После смерти своей жены Элен Поль Моран, будучи восьмидесятичетырехлетним стариком, спрашивал: «Что я еще здесь делаю?» Он сохранил свой удивленный, лукавый и критический вид. По-прежнему пускался в неожиданные и бесполезные путешествия. Но пружина была уже сломана. И в последний раз, когда он обедал на улице Сены, я обнаружил его в глубине дивана в библиотеке. За весь вечер он ни разу не улыбнулся. Он спрашивал меня, не видя меня: «Когда же она придет? Мне уже не терпится…»
За три дня я достиг пейзажей, к которым меня тянуло необъяснимое мне самому желание. Воздух, дрожащий от жары, насколько хватает глаз над лангедокским виноградником. Островки просторных тенистых домов с красными крышами, потонувших в шелестящей зелени и стрекоте цикад. Полуденная ярость света, вертикально льющегося сверху на Воклюз и на предгорья Альп. Каменистая пустыня Валансоля с островками лаванды, над которой гудят пчелы и порхают белые бабочки.
Это тоже, я согласен, картина мира. Здесь у нас повсюду были друзья, мы жили в этих домах, купались, допоздна засиживались за бутылкой чего-нибудь крепкого, смаковали счастье чувствовать себя вечными и быть любимыми. Однако я сделал все необходимые крюки, чтобы избежать дома, пути, воспоминания, все, что напоминало мне о наших былых привычках, рынок в Апте и в Иль-сюр-Сорге, и в Карпантре. Я узнавал ворота, начала посыпанных гравием дорожек, названия домов, высеченные на специально установленных камнях. Все эти люди, все, кто жил в конце этих путей, дорог и дорожек, люди, чьи привычки я хорошо знал, хорошо знал их манеру говорить, их категоричные суждения, их тщеславие, их манеру смеяться — все эти люди меня предали.

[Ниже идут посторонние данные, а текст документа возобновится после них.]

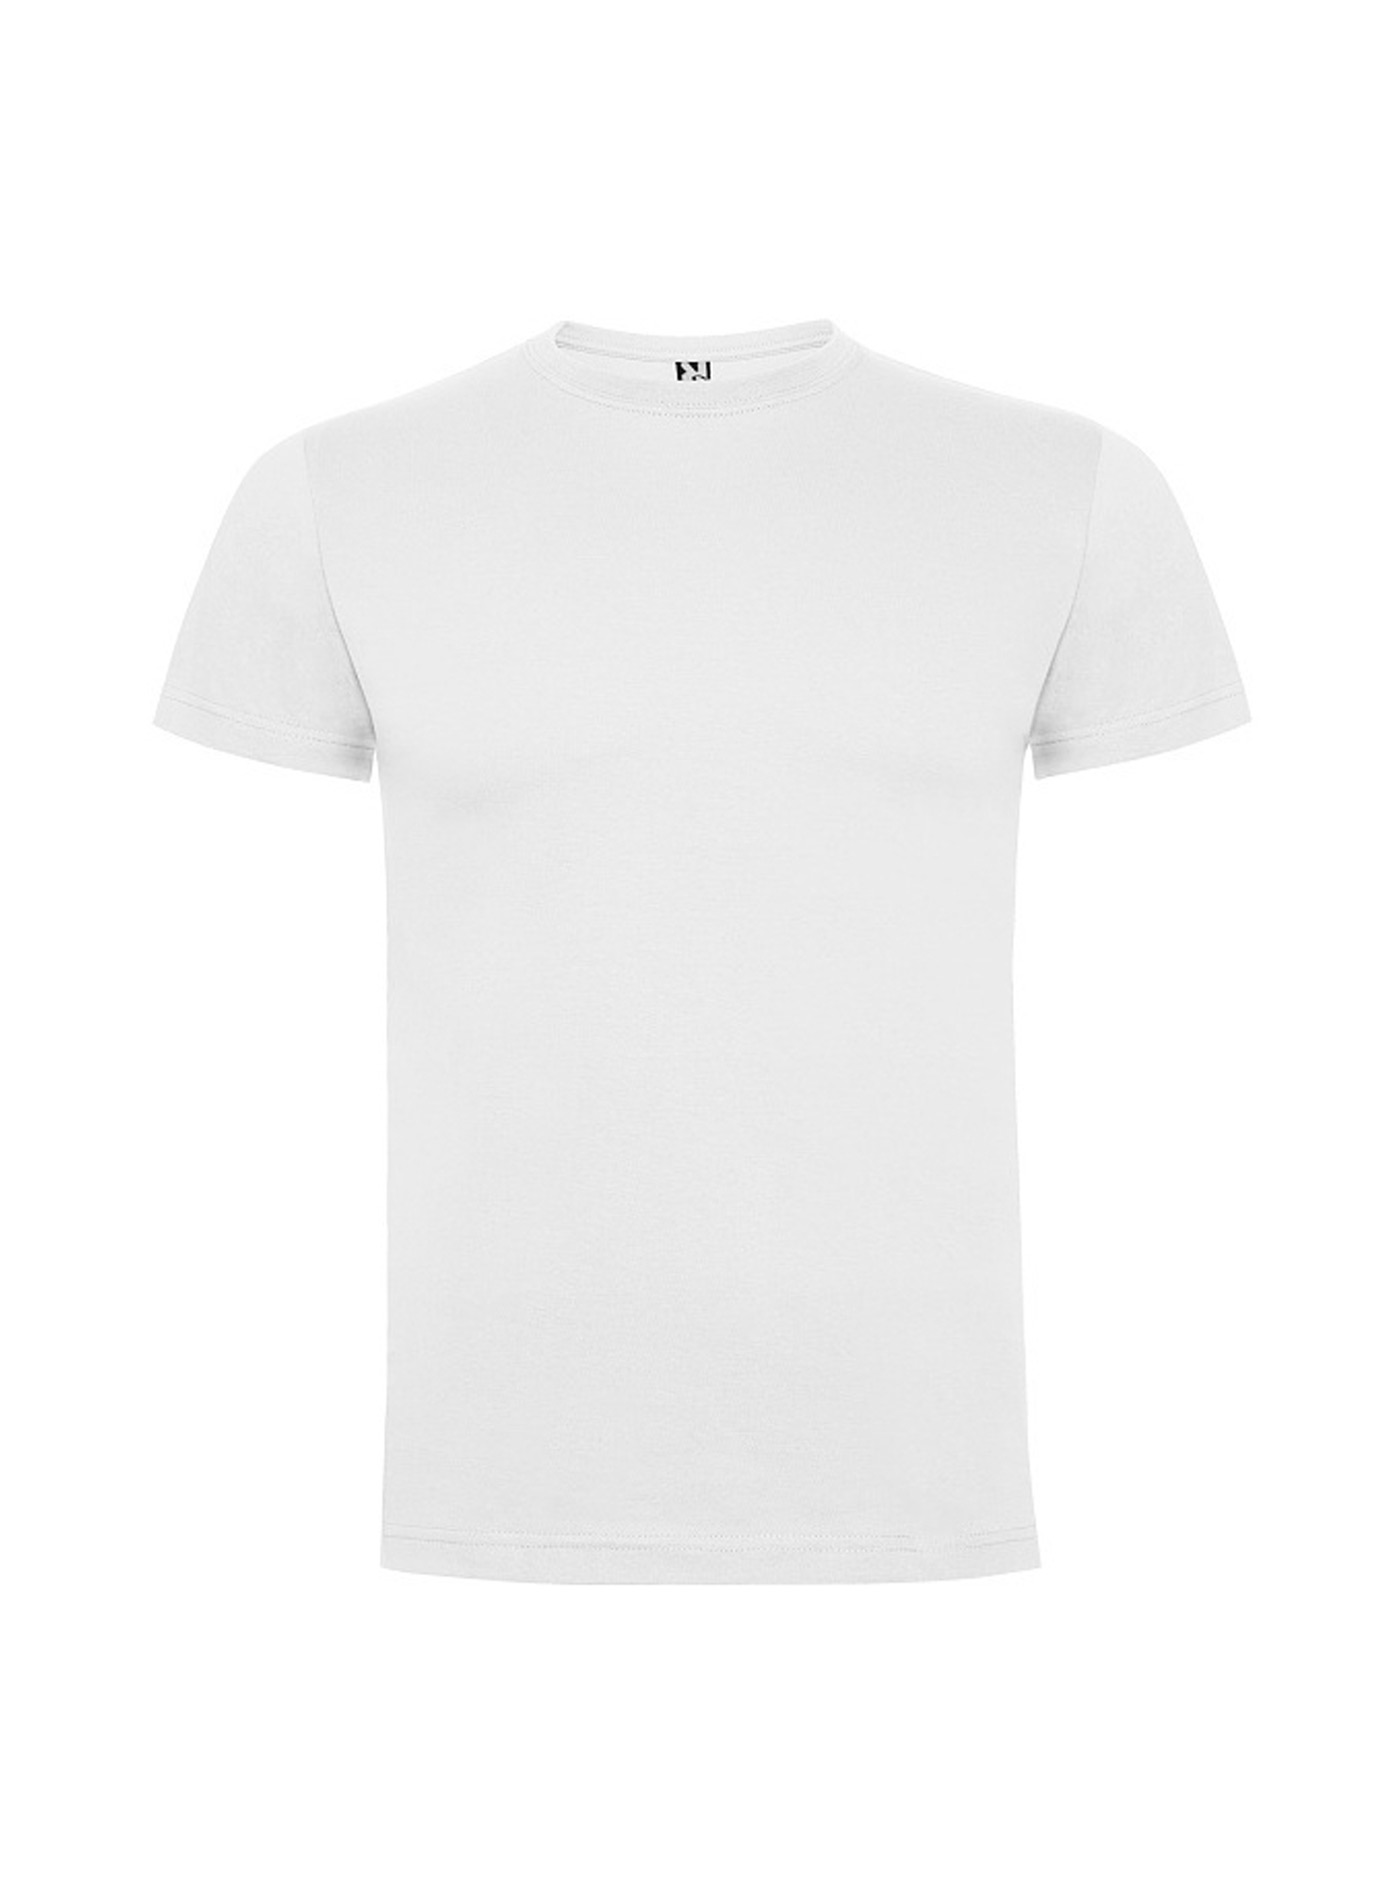 Dětské tričko Roly Dogo premium - Bílá 3-4

Знаешь, сколько писем я получил, когда газеты сообщили о моем изгнании из ЖФФ? Семь. Ровно семь. А сколько позвонили? Пять. Двенадцать мужчин и женщин, чьи судьбы, интересы, успех были связаны со мной, направили мне знаки своей дружбы. Когда умерла Клод, я получил четыреста писем. Моя секретарша сказала мне об этом позже. Она целую неделю рассовывала открытки по конвертам. Отпечатанные открытки. Моего мнения не спрашивали. Я тогда, как ты знаешь, был занят тем, что накачивался белым вином в Энгадине. Двенадцать верных друзей. А кто Иуда? Другие, где они были, другие? Риго, который совсем недавно не утаивал от меня ни единой детали из своих мертворожденных проектов; Греноль, который звонил мне с разговором на час всякий раз, когда собирался выйти из коммунистической партии (а уж каким прилежным корреспондентом он был); д'Антэн, Руэрга, твой Блонде, твой Шварц, красавица Варушинян, ужасная Лаватель, вдовы, наследники, литературные агенты, переводчики, не считая всех тех, кто ничем не был мне обязан, но кому одно дружеское слово ничего бы не стоило…
Куда они все подевались? Я могу понять страх, суеверие, трусость; я понимаю, когда переходят на другую сторону тротуара, лишь бы не задеть рукой восковой призрак, приближающийся мелкими шажками и подлежащий ликвидации через две недели «в результате тяжелой продолжительной болезни», — но я! Несколько преждевременная пенсия, промах, за который пришлось дорого заплатить, — все это не превратило меня в заразного больного. А люди моего круга, мои коллеги, мои конкуренты, мои ночные компаньоны во Франкфурте, высокопоставленные господа и дамы, за которых всю работу делает целый секретариат, отмечает некрологи в печати, дает знать о «наградах и назначениях» — почему они-то промолчали? Абсолютная неблагодарность; абсолютное безразличие: таково правило? Или же я настолько сгнил, что даже память людская меня уже отторгла и мое кораблекрушение даже не замутило воды?